When the FCEDC sets up it’s budget, it looks at all aspects overall, Walker said.
“It’s real hard to say XYZ dollars went to Holcomb, came from Holcomb…” he said. “The $130,000 that the City of Garden City gives us, that does not include all the time and staff efforts, incentives and benefits and everything else that we get for a DFA or transload facility or something like that. All of those contributions from us generate revenue for you.”
After several minutes of discussion between the council and FCDC representatives, the council voted unanimously to pay the $25,000 membership contribution for 2017.

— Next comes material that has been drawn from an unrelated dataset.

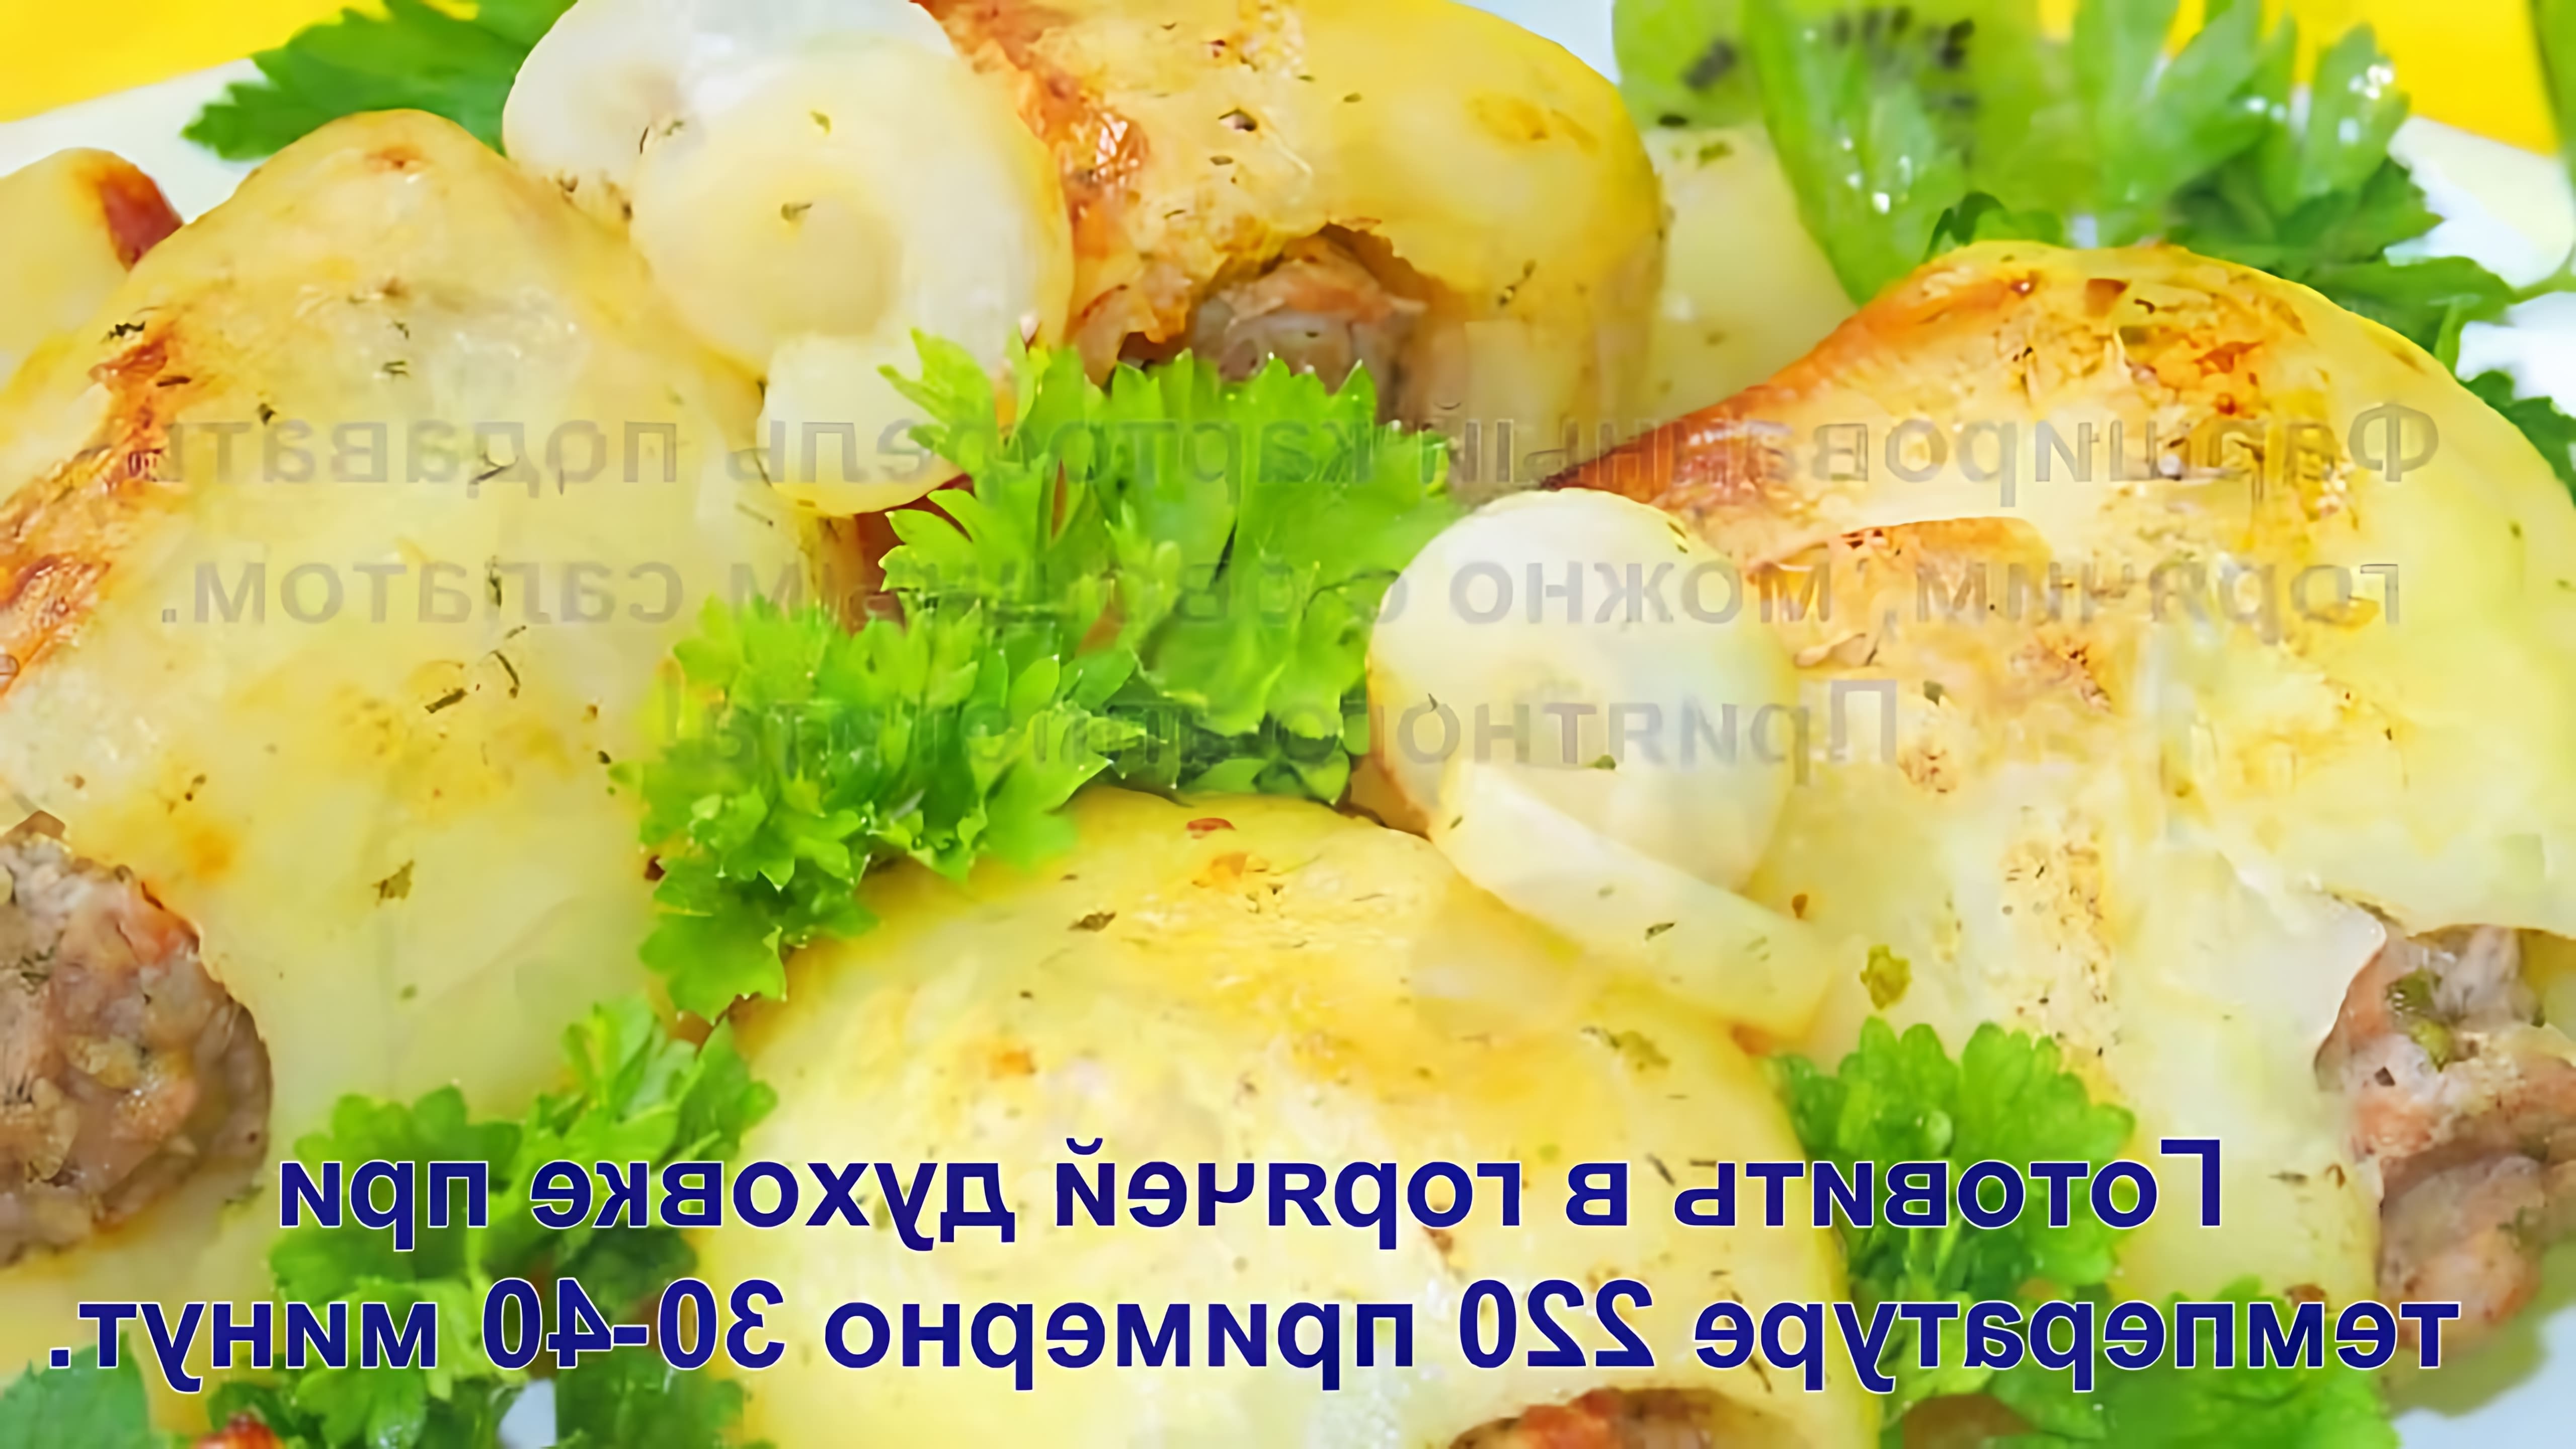 В этом видео-ролике будет показан процесс приготовления фаршированного картофеля, который является простым и вкусным вторым блюдом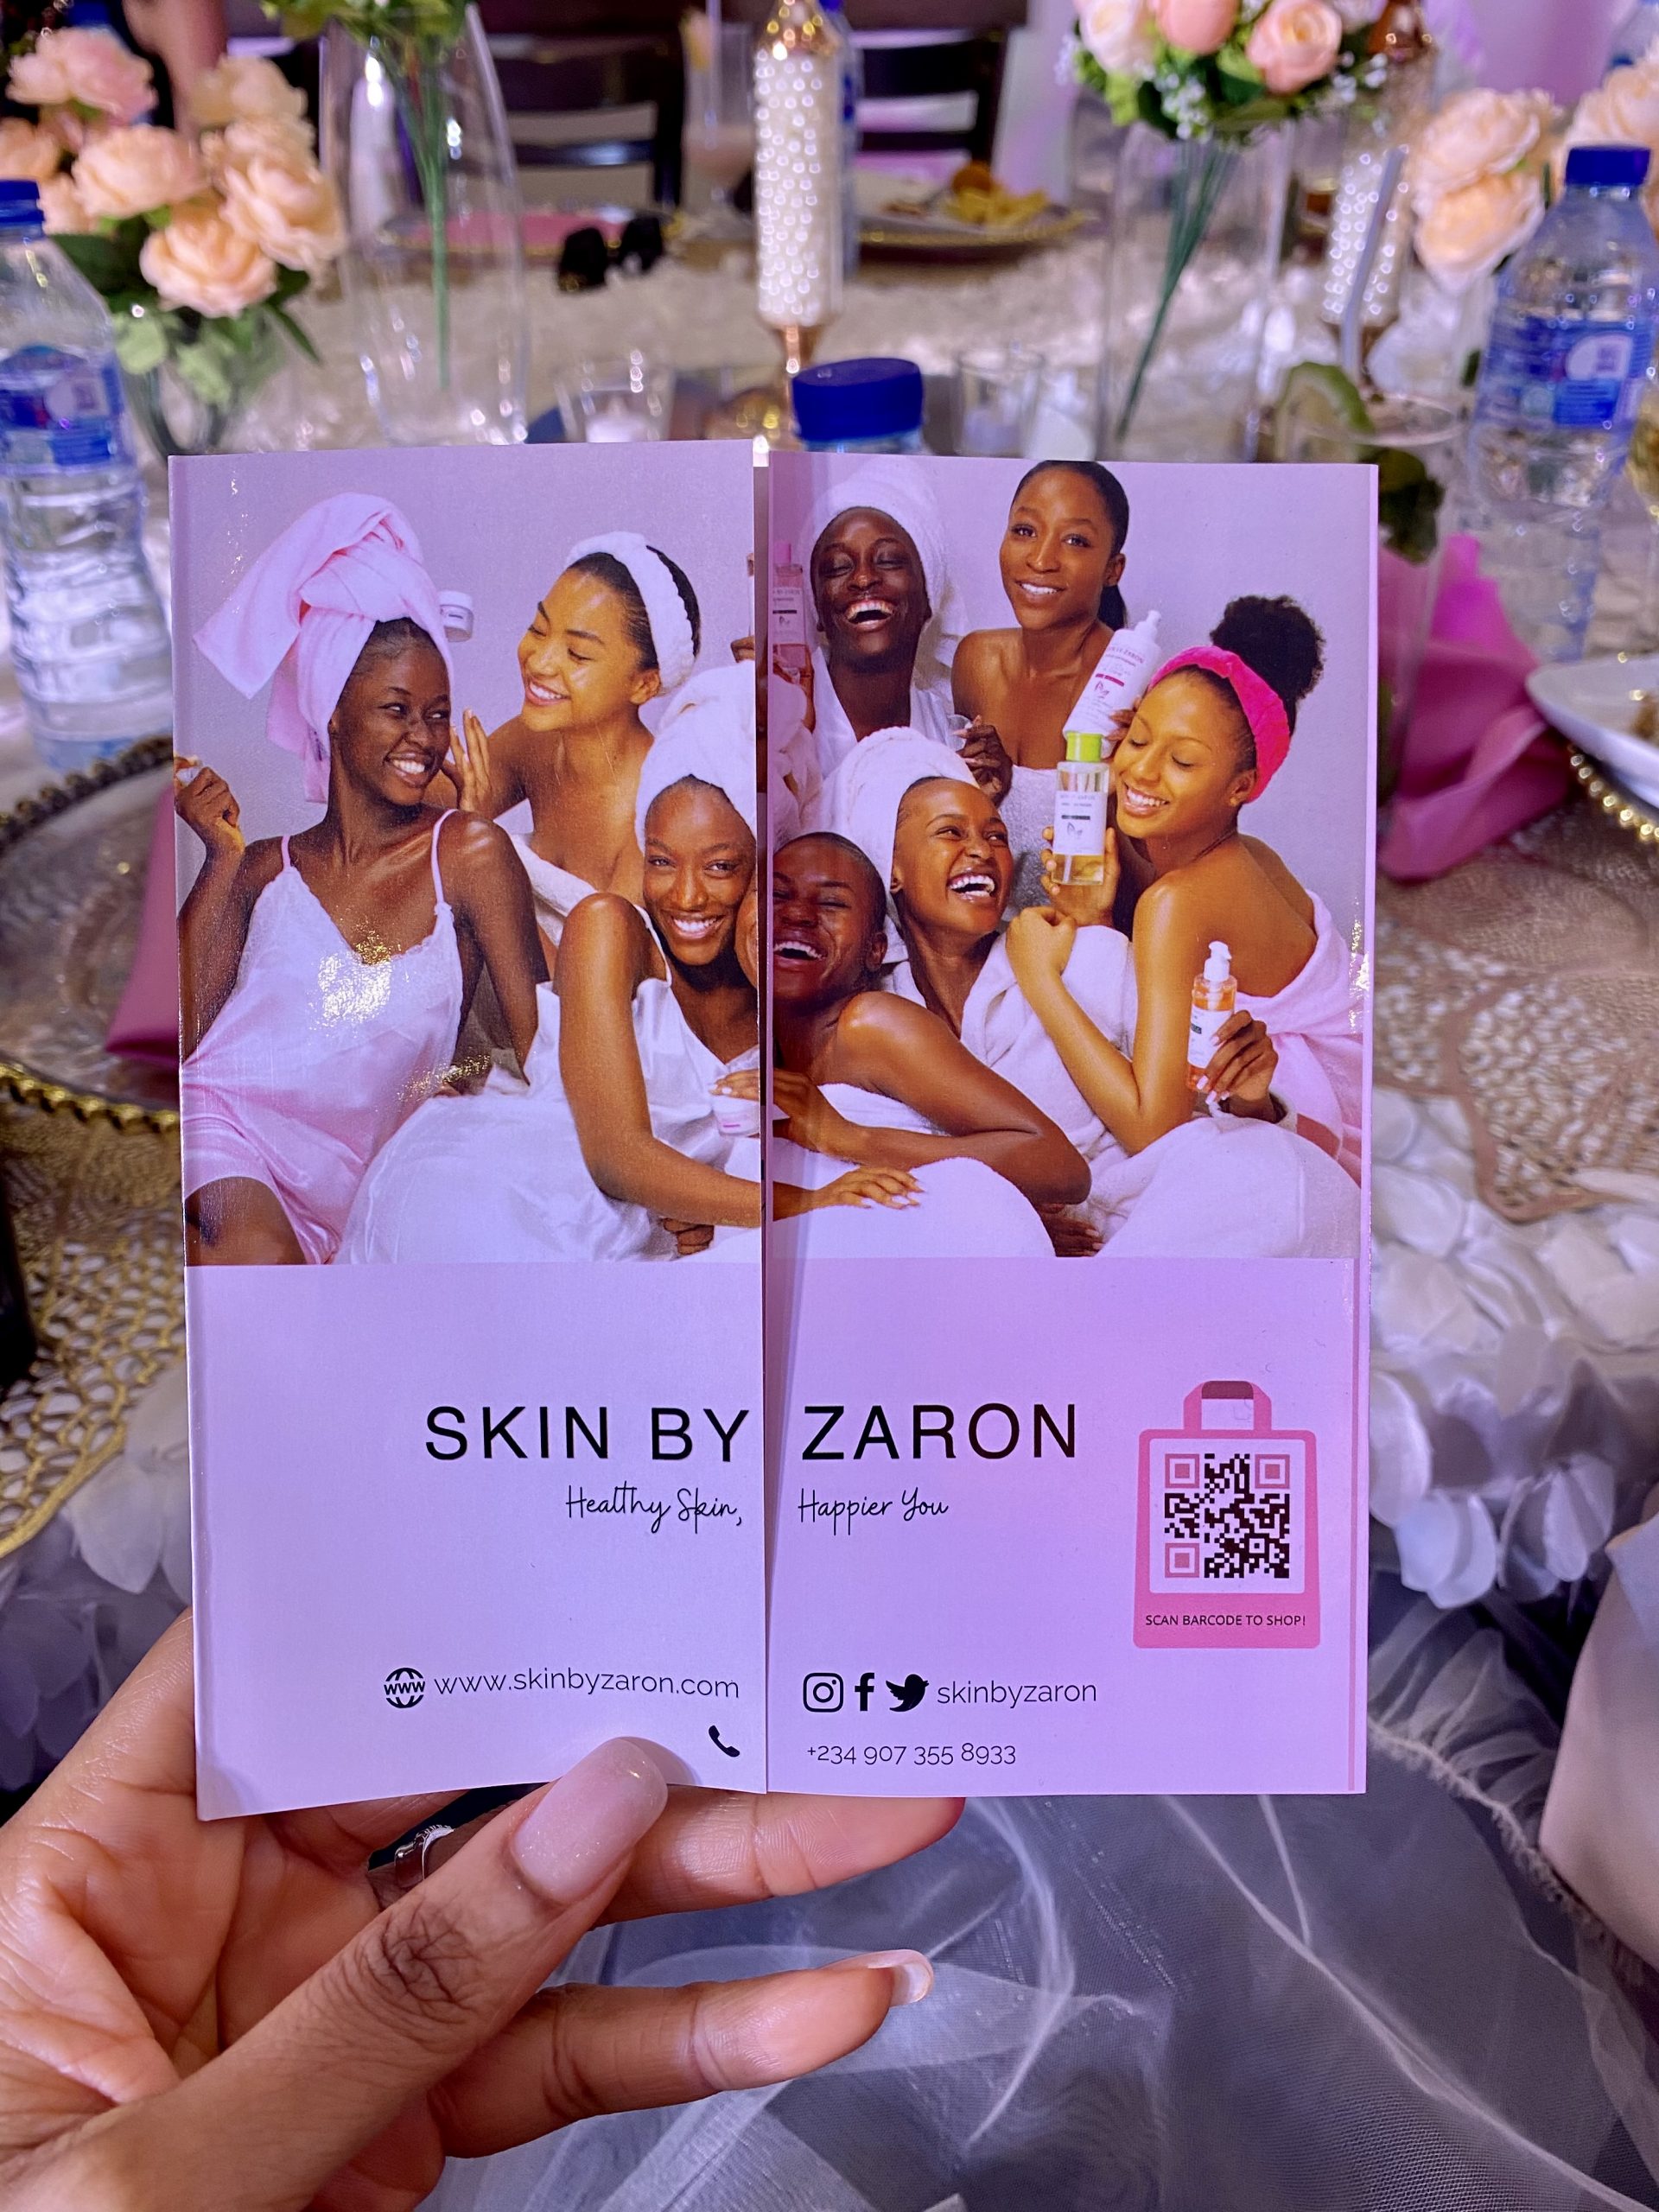 Skin by Zaron Abuja Launch Event

Following Wednesday’s meeting, Holcomb Mayor Gary Newman, who is Holcomb’s FCEDC representative, said discussion for the 2018 payment will come up later when the FCEDC puts in its budget request.
"We will discuss whether we want to pay the full thing or if we want it changed. I think a lot of it is probably dependent on what activities will be going on between the two,” he said.
In other business, new council members Curt Nemechek and Sam Mesa were welcomed to the council. The two new council members were sworn in Monday and replace Mark Richmeier and Scott Homer. Both Richmeier and Homer were recognized during Wednesday’s meeting and were given plaques to thank them for their service.